Given a sorted array of integers, find the starting and ending position of a given target value.
Your algorithm's runtime complexity must be in the order of O(log n).
If the target is not found in the array, return [-1, -1].
For example,
Given [5, 7, 7, 8, 8, 10] and target value 8,
return [3, 4].
题目大意:给定一个排序的数组和一个目标数,寻找该目标数在数组中出现的首尾位置。如题中例子,8在数组中是第3、4个。

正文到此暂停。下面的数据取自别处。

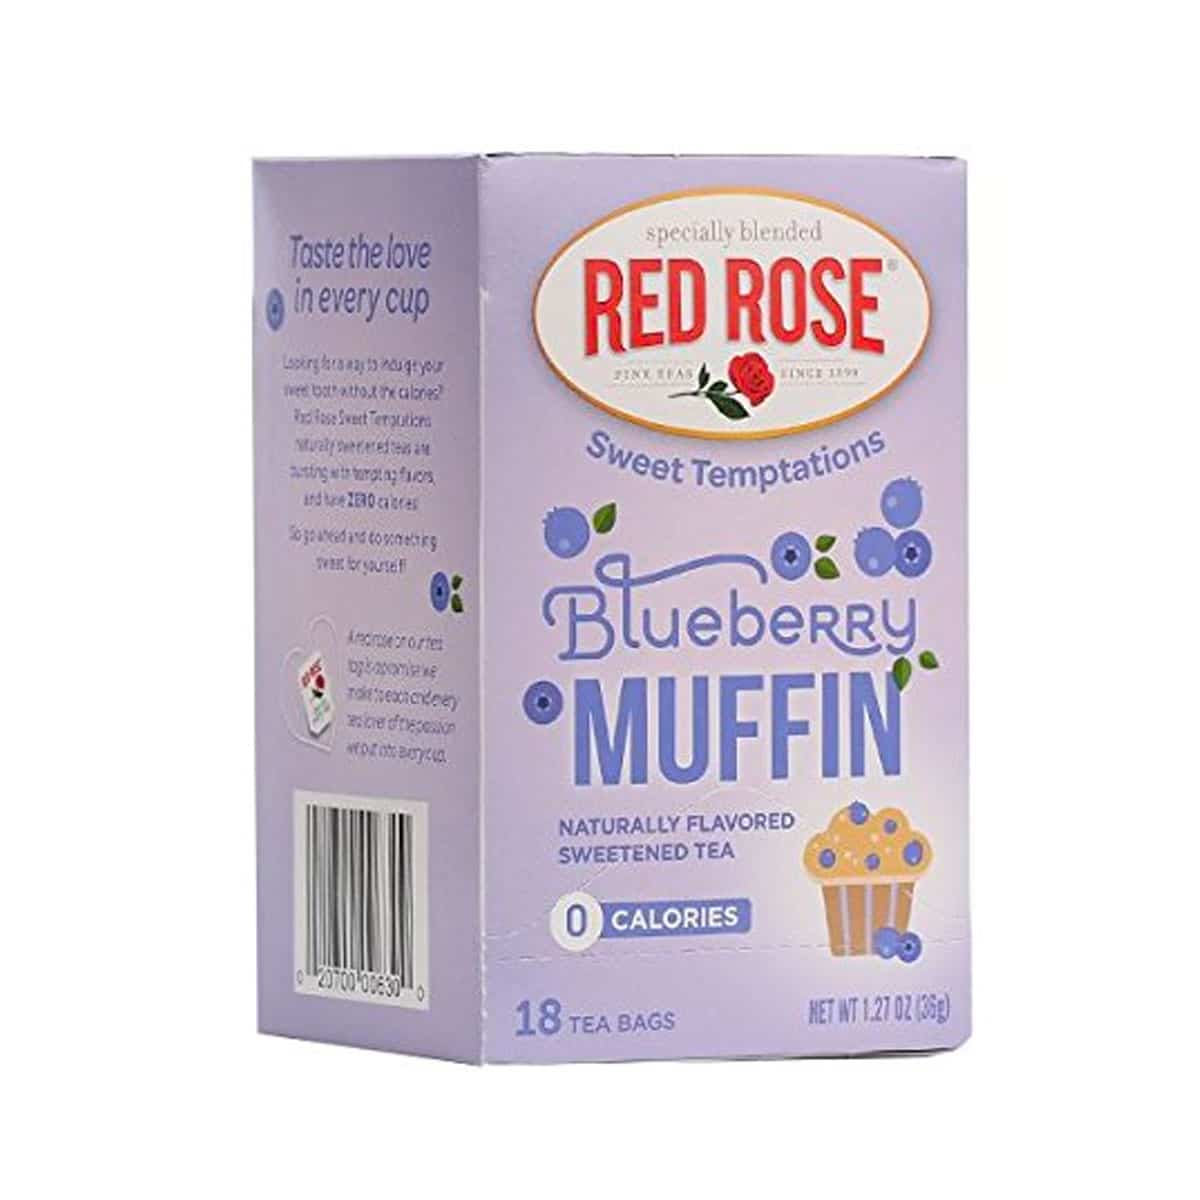 Red Rose Naturally Flavored Sweetened Tea (Blueberry Muffin Flavor)
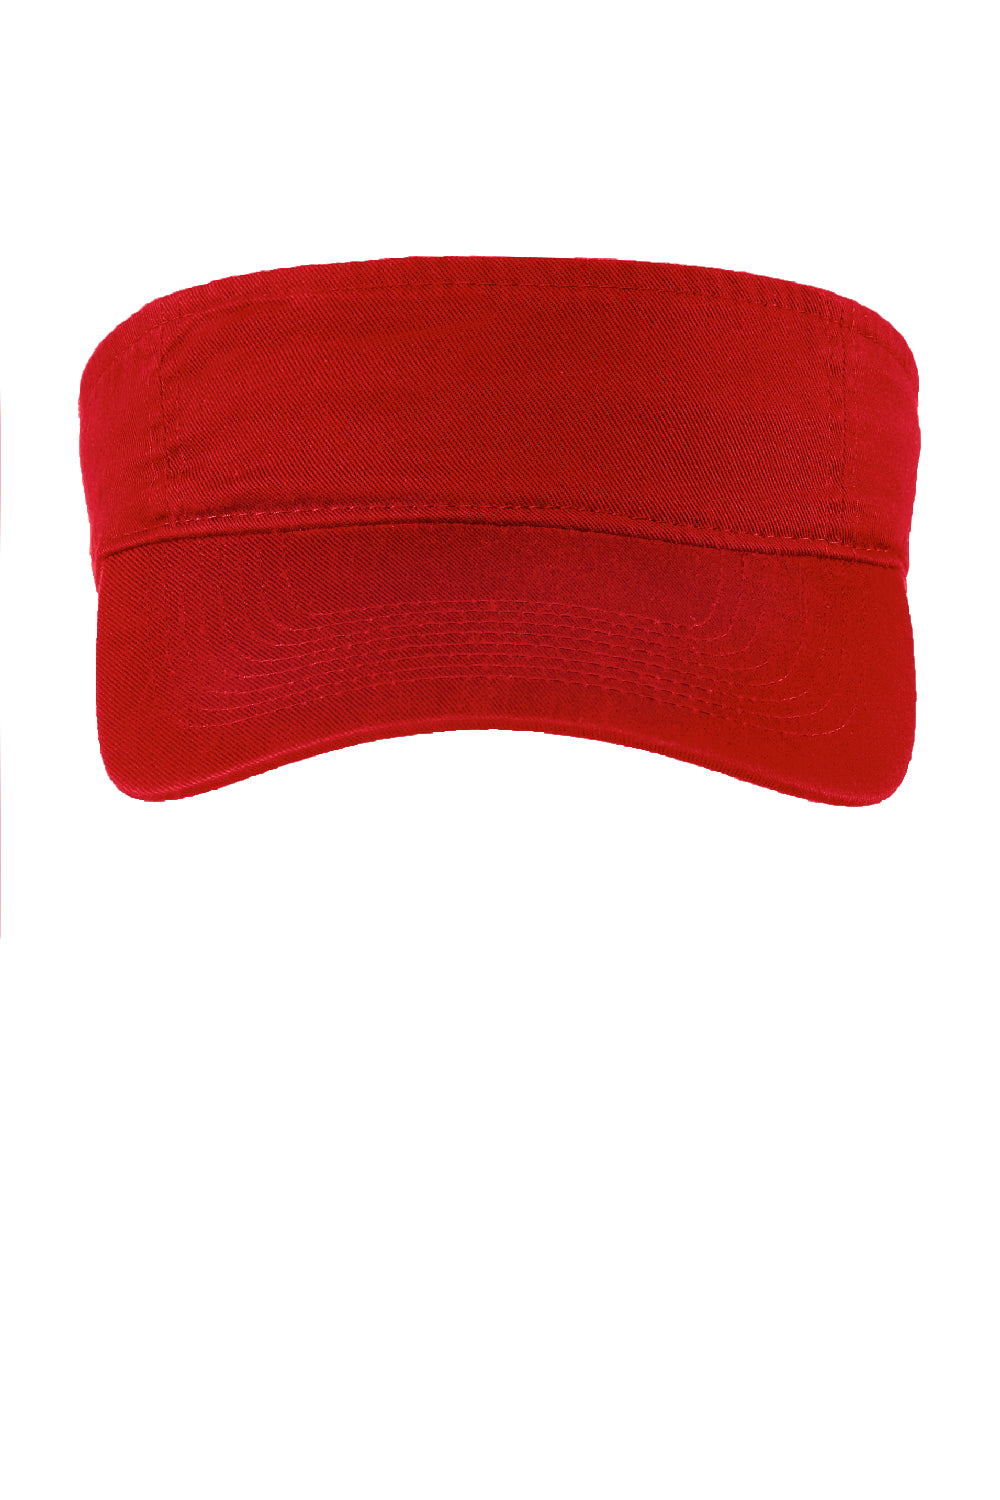 Port & Company CP45 Fashion Visor Red Front

思路:排序数组->二分查找。如果nums[mid] > target 那么end需要变为mid-1;如果nums[mid] < target,那么begin需要变为mid+1;如果nums[mid]==target,那么首尾值肯定是在左右两边,注意边界处理。
class Solution {
public:
vector<int> searchRange(vector<int>& nums, int target) {
int begin = 0;
int end = nums.size()-1;
vector<int> result;
while(nums[begin] <= nums[end]){
int mid = (begin+end)/2;
if(nums[mid] == target){
begin = mid ;
while(nums[begin] == target && begin>=0){
--begin;
}
result.push_back(begin+1);
end = mid;
while(nums[end] == target && end <= nums.size()-1){
++end;
}
result.push_back(end-1);
return result;
}
else if(nums[mid] < target){
begin = mid + 1;
}
else if(nums[mid] > target){
end = mid -1;
}
}
result.push_back(-1);
result.push_back(-1);
return result;
}
};leetcode编译通过。